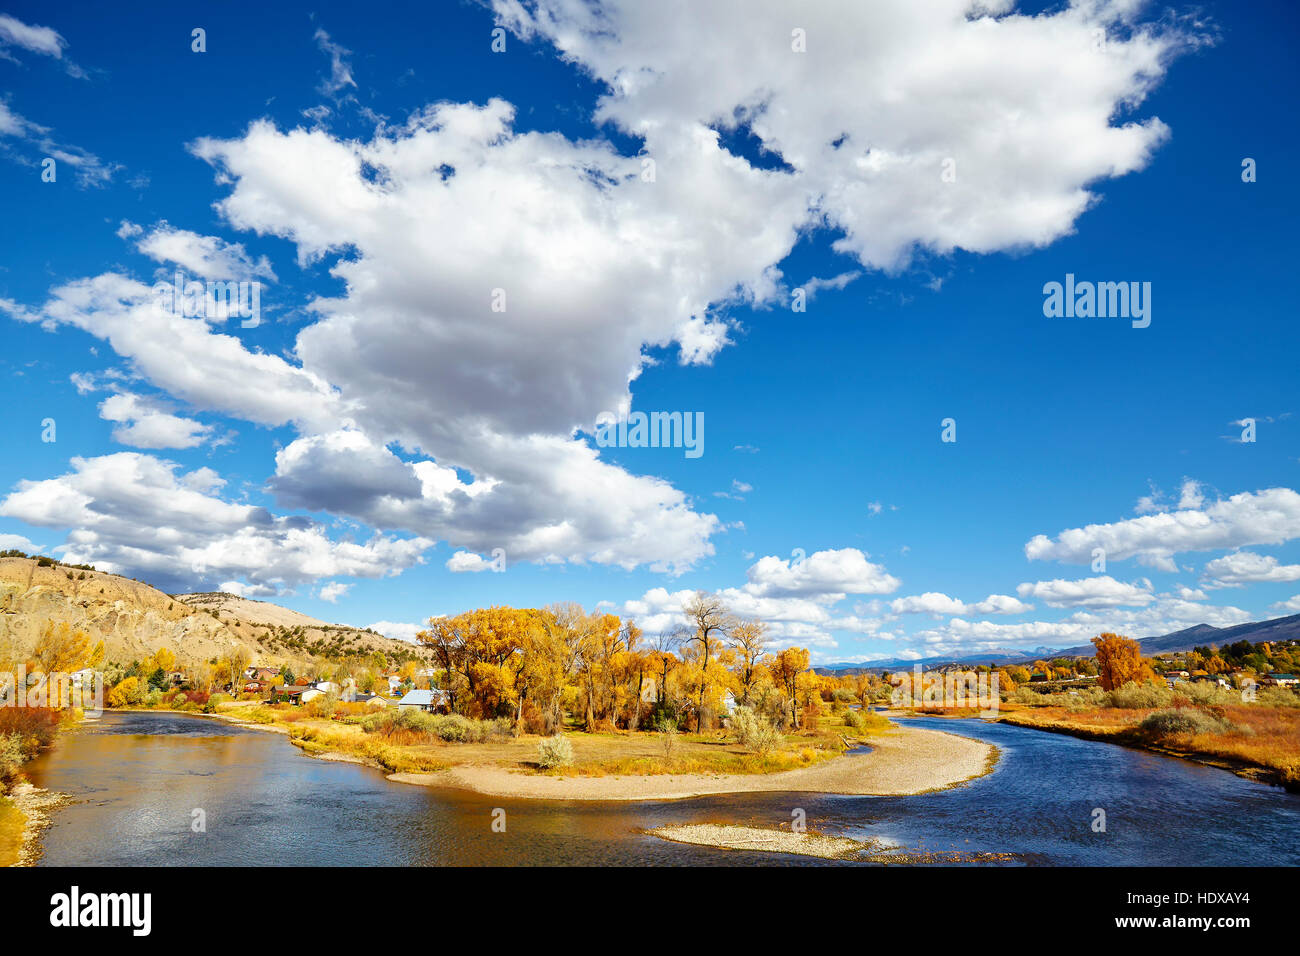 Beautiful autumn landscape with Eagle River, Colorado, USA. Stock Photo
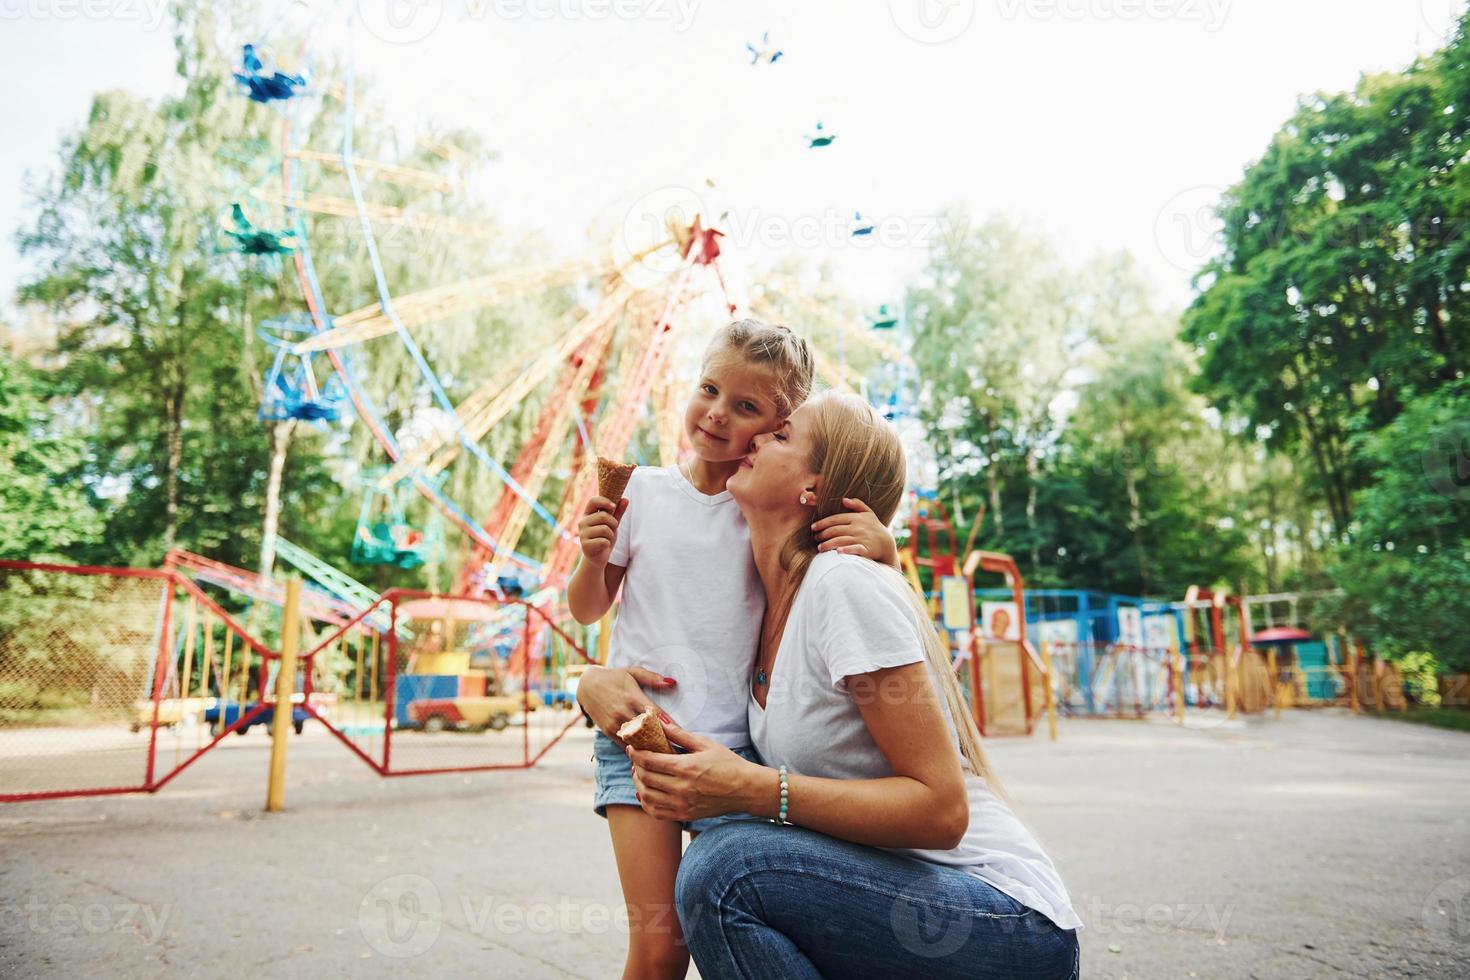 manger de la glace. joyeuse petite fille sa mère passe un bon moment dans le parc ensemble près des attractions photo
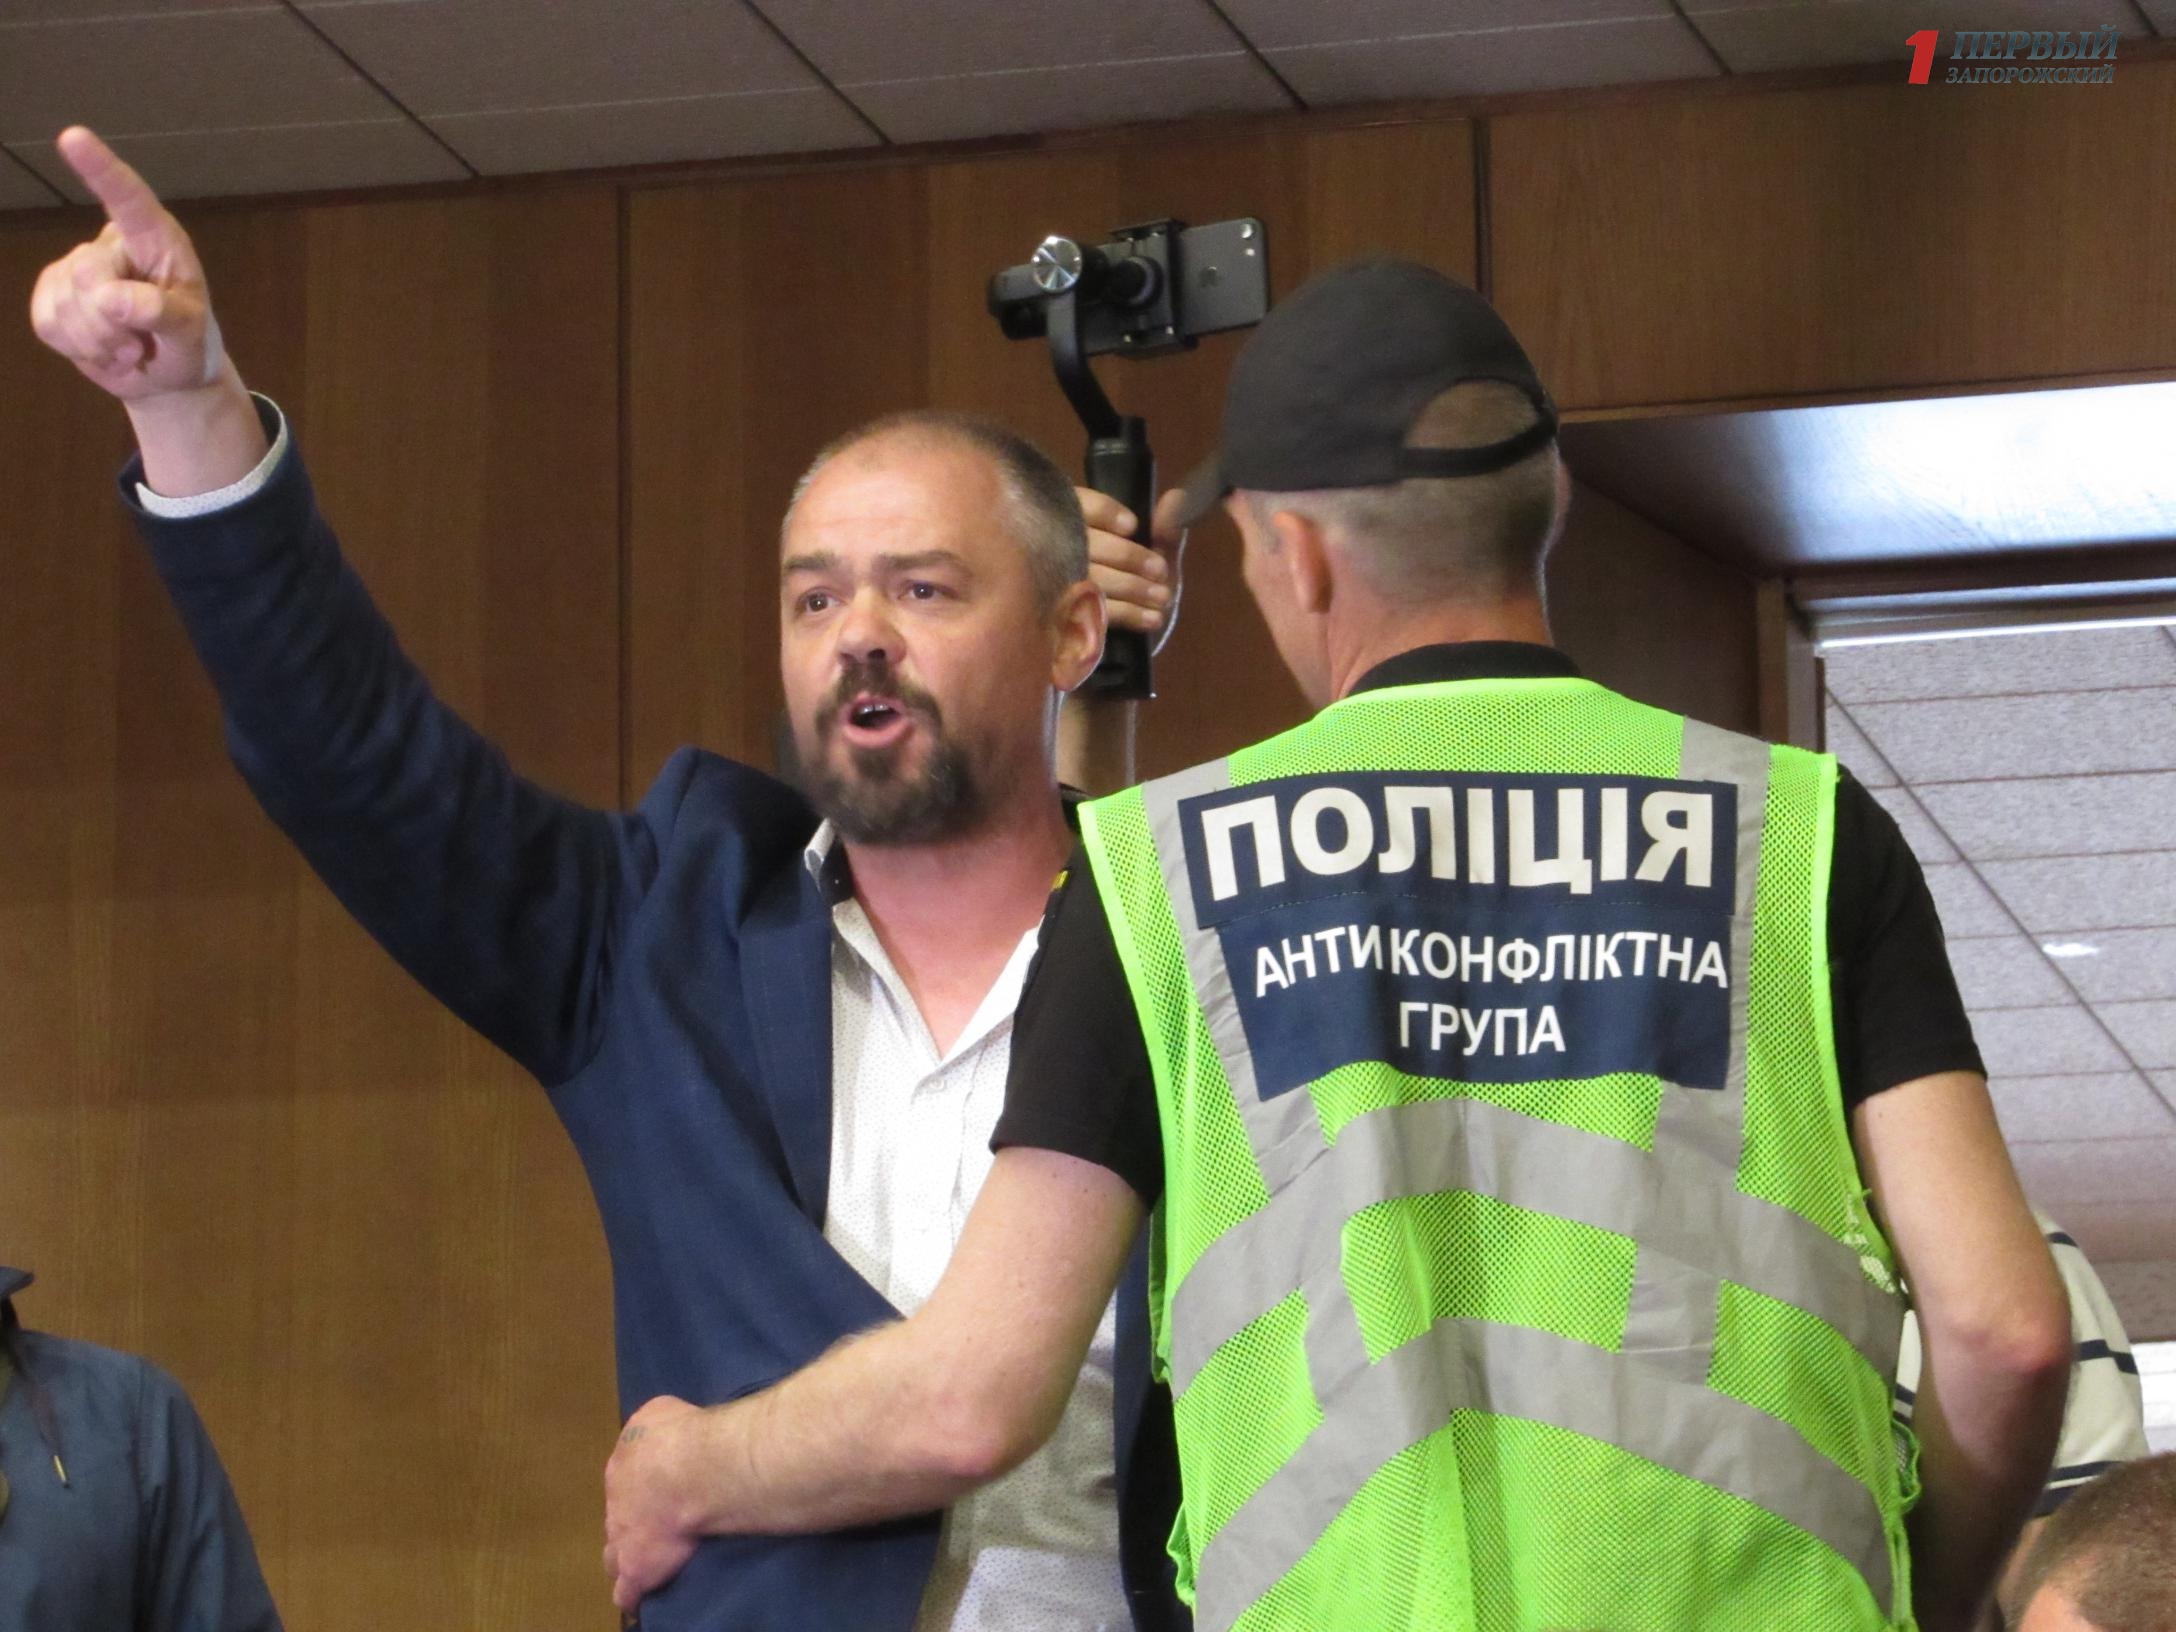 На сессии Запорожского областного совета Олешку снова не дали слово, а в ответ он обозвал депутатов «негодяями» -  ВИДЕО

○ ○ ○ ○ ○ ○ ○

■ TASK STATEMENT
Without including the pictures, copy all of the data exactly.

■ ANSWER TO THIS EXERCISE
 Beautiful autumn landscape with Eagle River, Colorado, USA. Stock Photo
 manger de la glace. joyeuse petite fille sa mère passe un bon moment dans le parc ensemble près des attractions photo
 На сессии Запорожского областного совета Олешку снова не дали слово, а в ответ он обозвал депутатов «негодяями» -  ВИДЕО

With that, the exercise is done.